Slightly Disjointed Feel
One other issue I noted is that the program overall has a bit of a disjointed feel. The daily assessments are integrated into the schedule in the online portal, but otherwise, things are a little scattered. You have to go to a different section of the portal to access videos (they are not integrated into the main coursework), and obviously the PDF outlines and flashcards are standalone.
Together, this just gives the course overall a slightly disjointed feel. I mean, it’s still easy to follow and know where you need to go to access materials, but I would like to see some more seamless integration here.
Working everything – outlines, videos and assessments – directly into the daily schedule would be an awesome improvement. In a perfect world, only the printed materials (which I want from above) would be separate from the other study materials.

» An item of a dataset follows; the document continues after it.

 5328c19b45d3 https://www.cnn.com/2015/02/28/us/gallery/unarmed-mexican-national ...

Verdict: Studicata Bar Review & Attack Outlines
I think there is a lot to like with the full Studicata bar review course. The videos, while maybe lacking a little in production value, are awesome in my opinion, with a streamlined and digestible delivery. Michael is very engaging as an instructor. I also really like the Attack Outlines and QuickSheets – they are money for distilling down everything you need to know for the bar into a digestible, readable format. And overall, I like the more streamlined, lean structure of this course. It is focused, engaging and easy to follow.
I wasn’t crazy about there being no printed materials, and the program did have a slightly disorganized feel, but by and large, I was pretty impressed. I think for those looking for a more cost effective, efficient bar course to tackle the UBE, Studicata is a solid option.
Is Studicata worth it?
After taking the Studicata bar course, I do think it’s worth it. The video lessons, outlines and detailed answer explanations are great, and make it worth the money in my opinion.

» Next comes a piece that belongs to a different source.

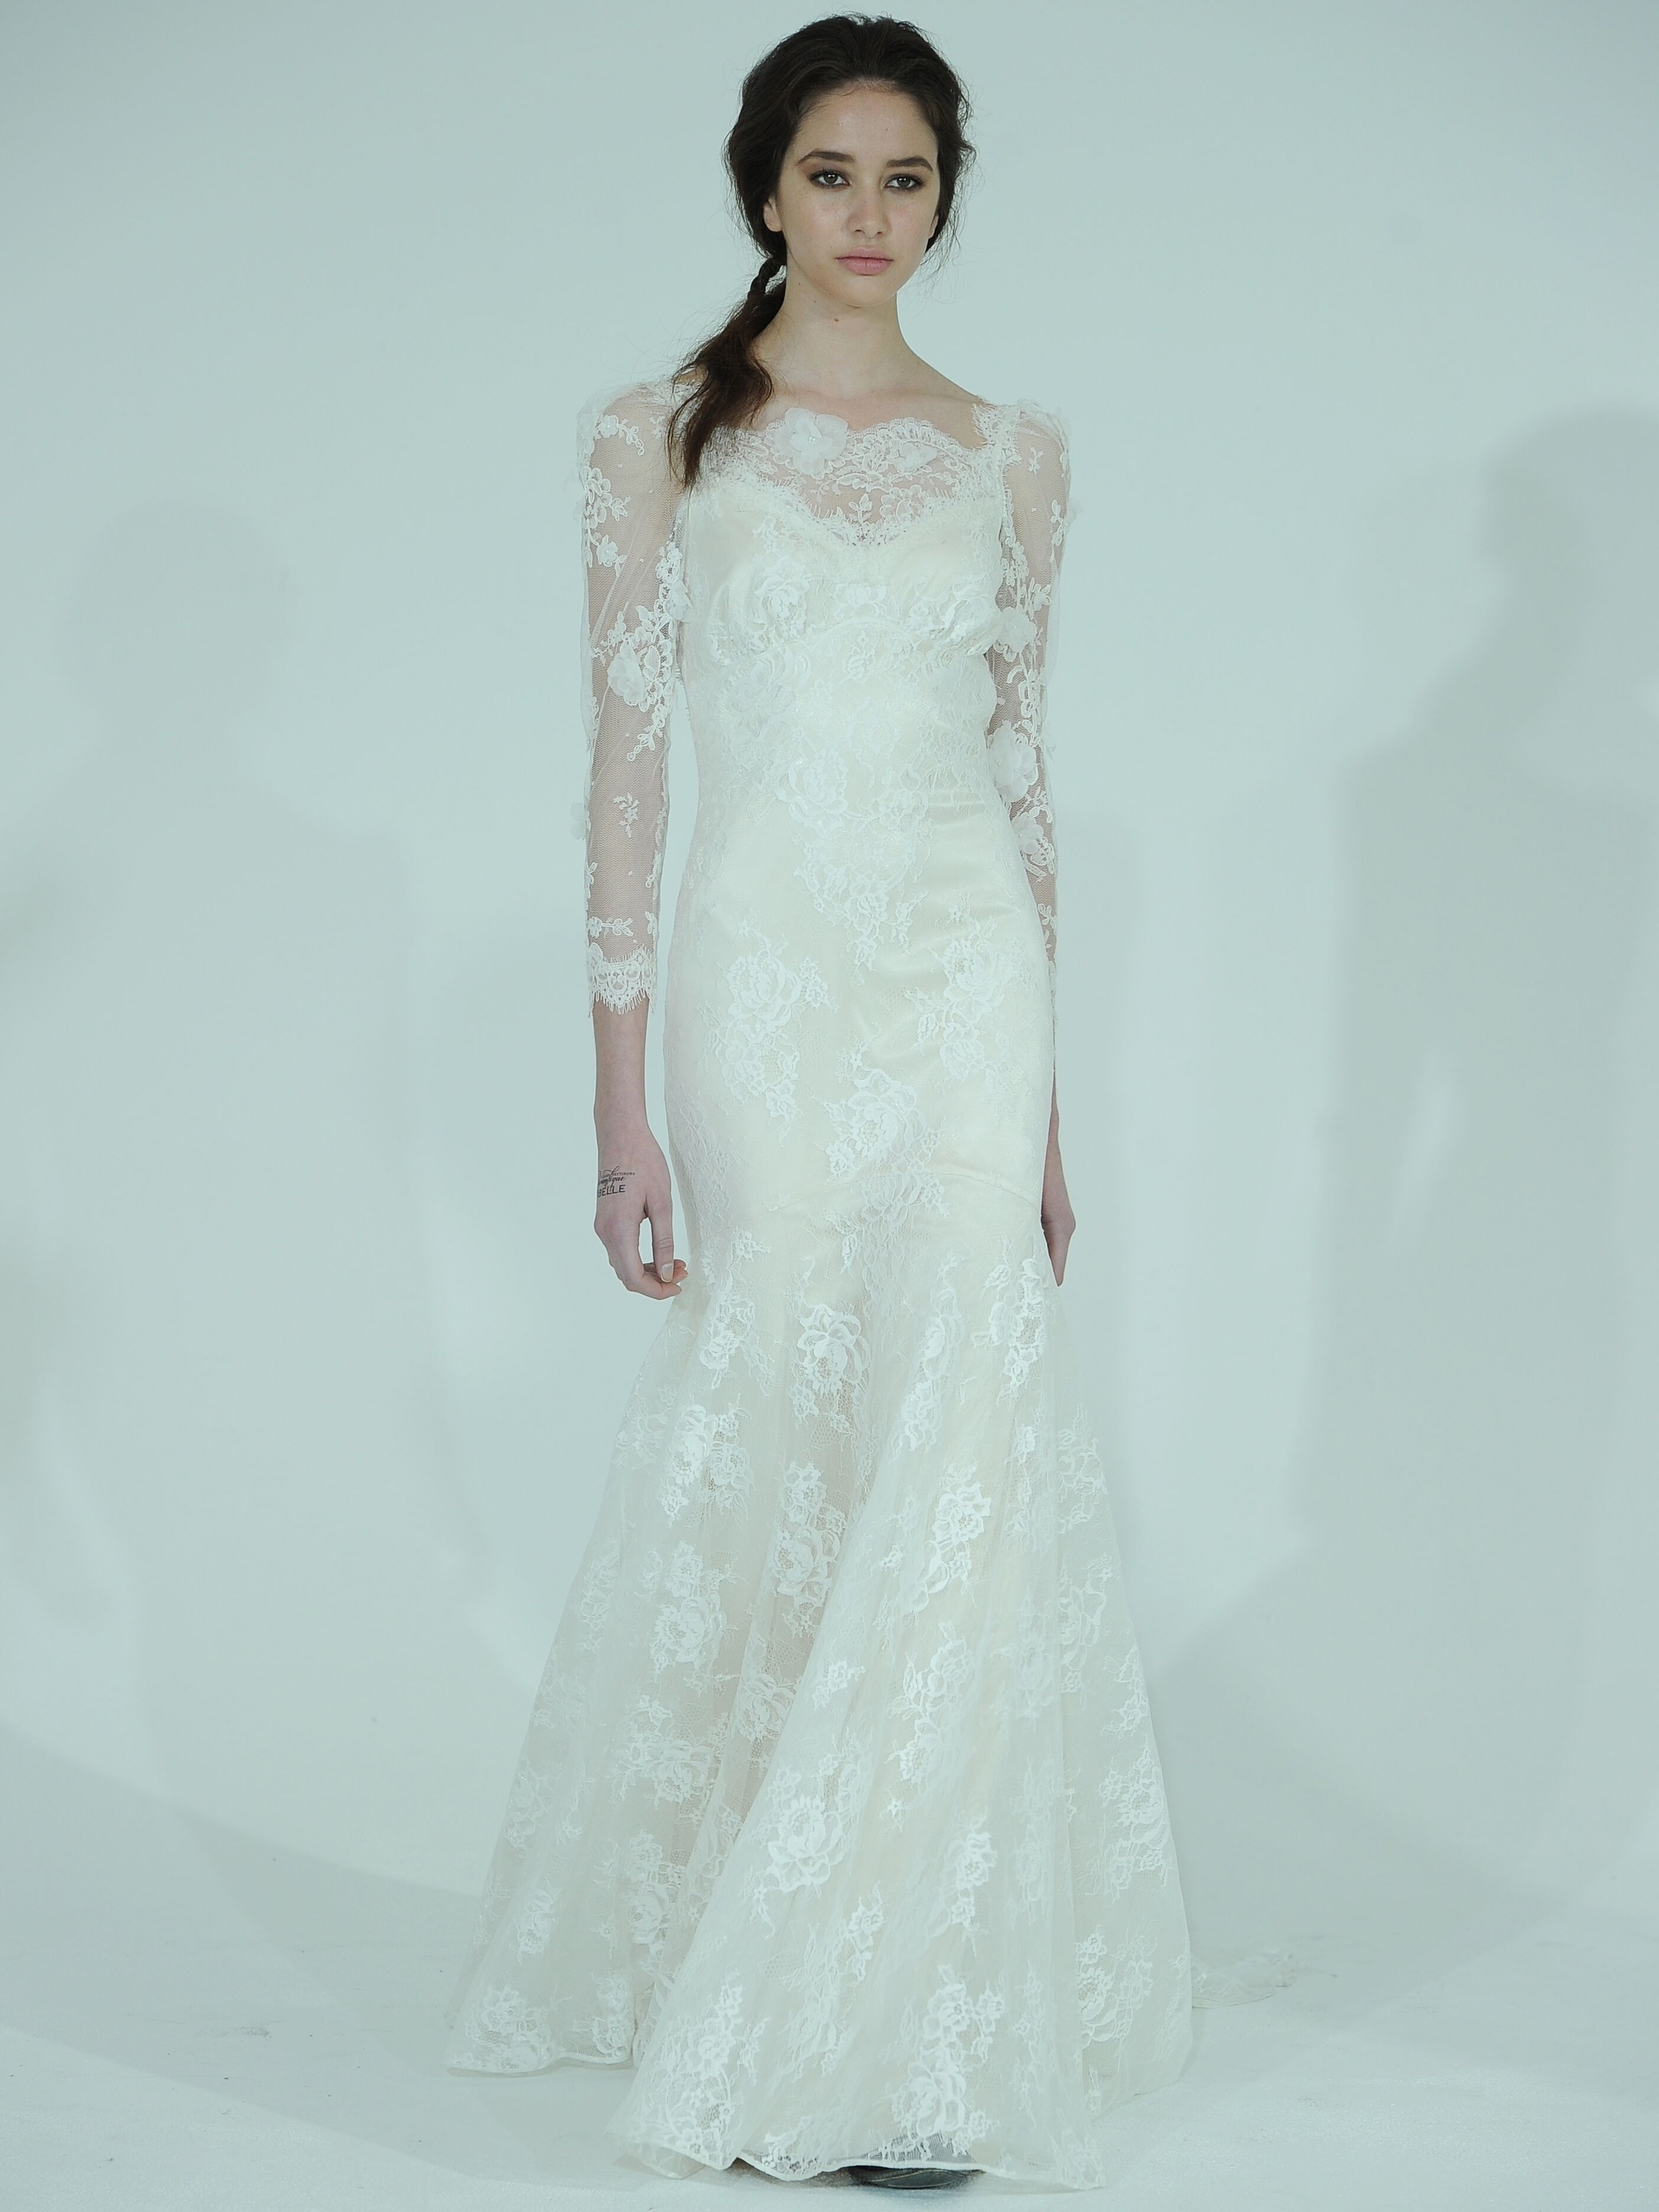 See Nikki Reed\'s Custom Claire Pettibone Wedding Dress!

Should I get Studicata and Barbri?
It depends. The free Studicata materials (or the paid outlines only) would be a nice supplement to the Barbri course, though if you’re taking the UBE, I’d almost save the money and go with the full-scale Studicata bar course.
SmartBarPrep vs Studicata, which is better?
The Studicata and SmartBarPrep outlines are very similar in terms of style, length and delivery. It is pretty hard to choose between the two, though if I were forced to make a decision, I do think Studicata’s materials are slightly better.